Mesoscale Traffic Forecasting for Real-Time Bottleneck and Shockwave
Prediction
- URL: http://arxiv.org/abs/2402.05663v2
- Date: Mon, 4 Mar 2024 12:01:53 GMT
- Title: Mesoscale Traffic Forecasting for Real-Time Bottleneck and Shockwave
Prediction
- Authors: Raphael Chekroun, Han Wang, Jonathan Lee, Marin Toromanoff, Sascha
Hornauer, Fabien Moutarde, Maria Laura Delle Monache
- Abstract summary: We introduce the SA-LSTM, a deep forecasting method integrating Self-Attention (SA) on the spatial dimension with Long Short-Term Memory (LSTM)
We extend this approach to multi-step forecasting with the n-step SA-LSTM, which outperforms traditional multi-step forecasting methods in the trade-off between short-term and long-term predictions.

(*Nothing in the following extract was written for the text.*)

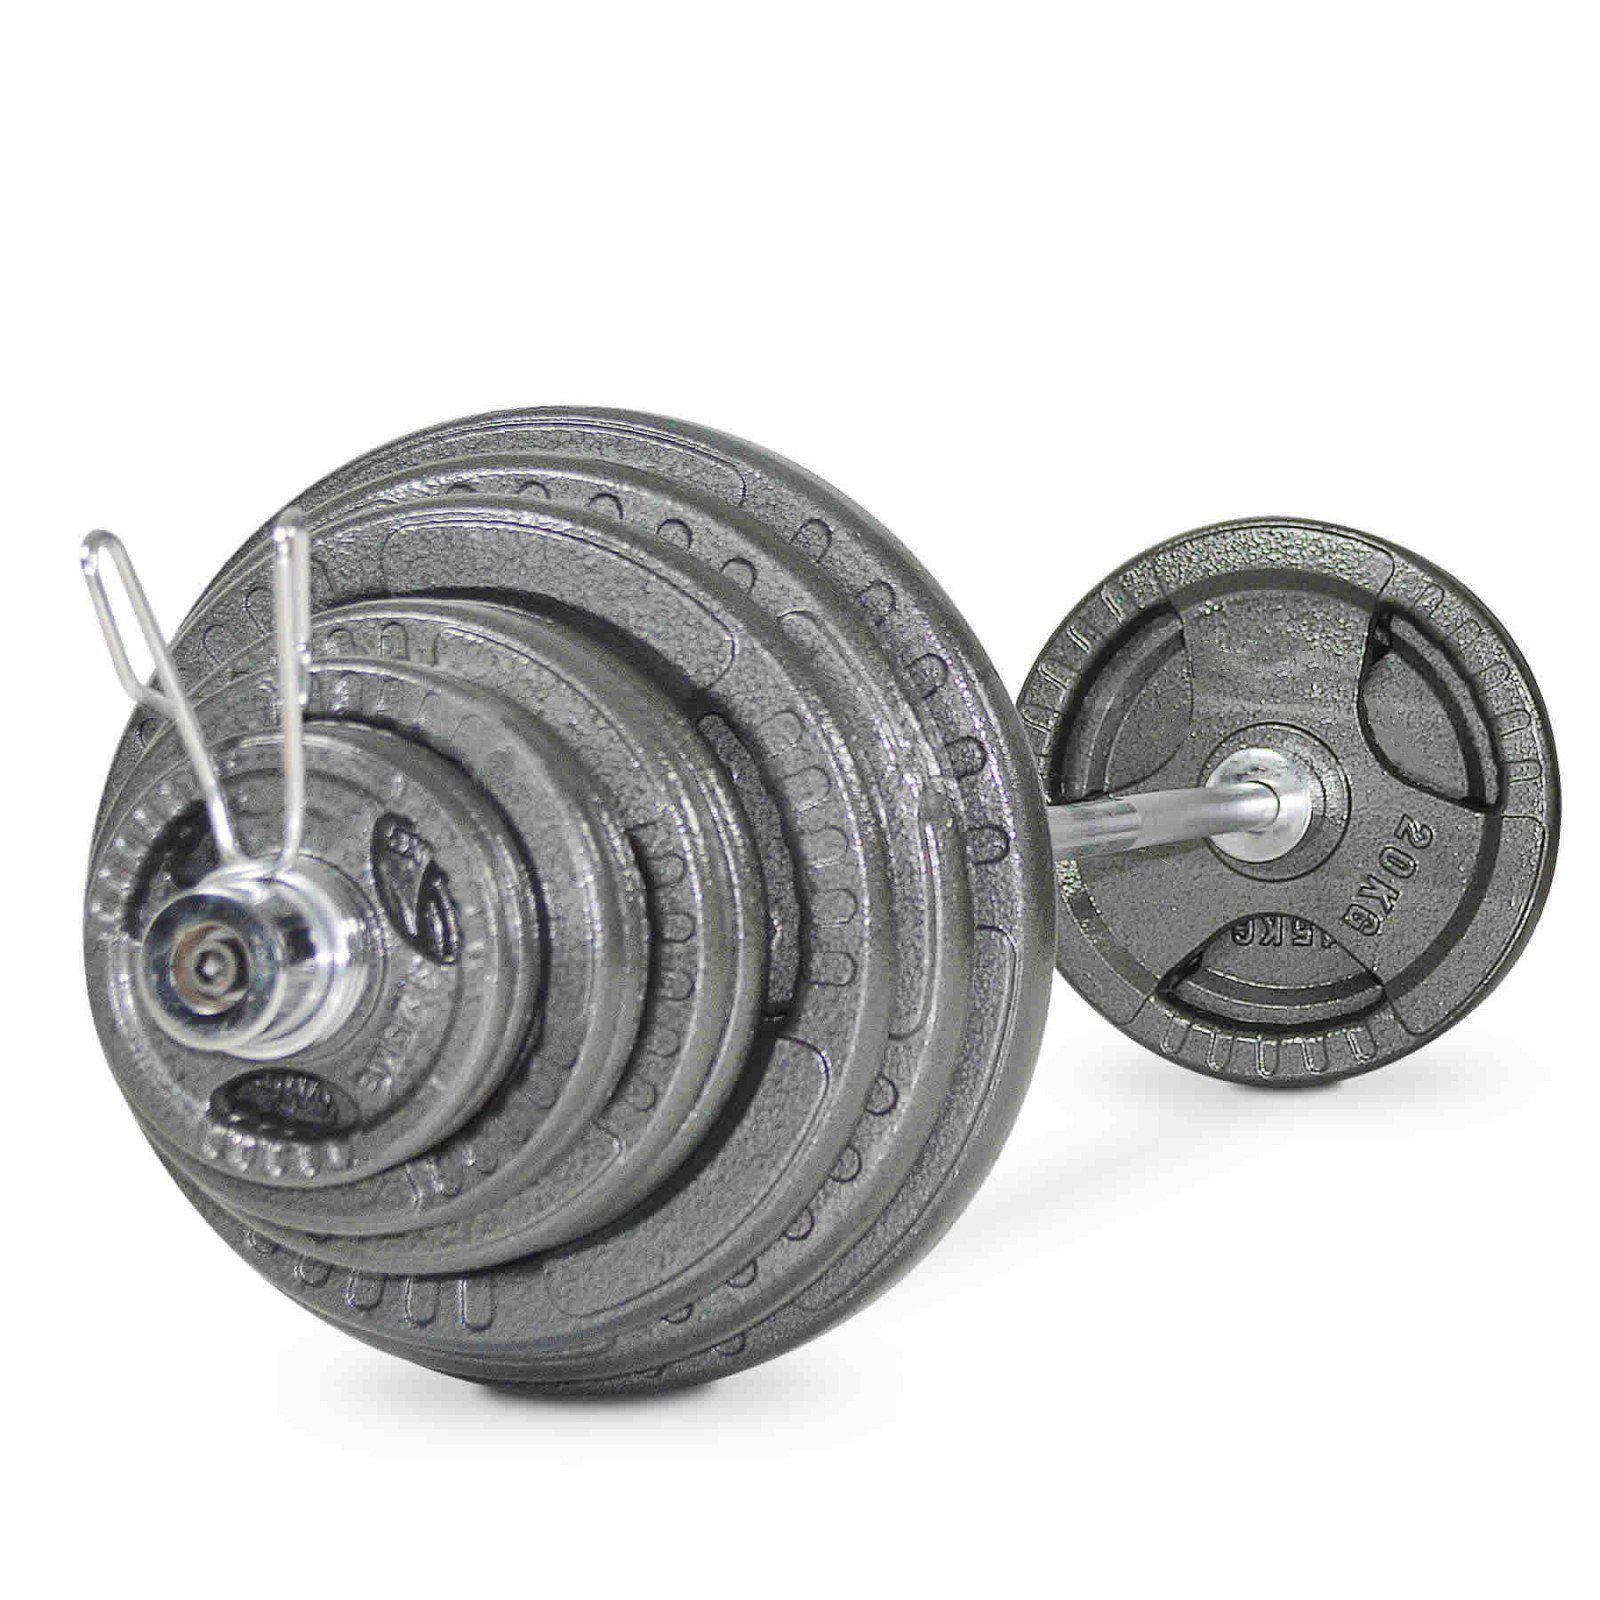 Buy TnP Accessories 2 Olympic Tri-Grip Cast Iron Barbell Sets

- Score: 9.606555361712116
- License: http://creativecommons.org/licenses/by-sa/4.0/
- Abstract: Accurate real-time traffic state forecasting plays a pivotal role in traffic
control research. In particular, the CIRCLES consortium project necessitates
predictive techniques to mitigate the impact of data source delays. After the
success of the MegaVanderTest experiment, this paper aims at overcoming the
current system limitations and develop a more suited approach to improve the
real-time traffic state estimation for the next iterations of the experiment.
In this paper, we introduce the SA-LSTM, a deep forecasting method integrating
Self-Attention (SA) on the spatial dimension with Long Short-Term Memory (LSTM)
yielding state-of-the-art results in real-time mesoscale traffic forecasting.
We extend this approach to multi-step forecasting with the n-step SA-LSTM,
which outperforms traditional multi-step forecasting methods in the trade-off
between short-term and long-term predictions, all while operating in real-time.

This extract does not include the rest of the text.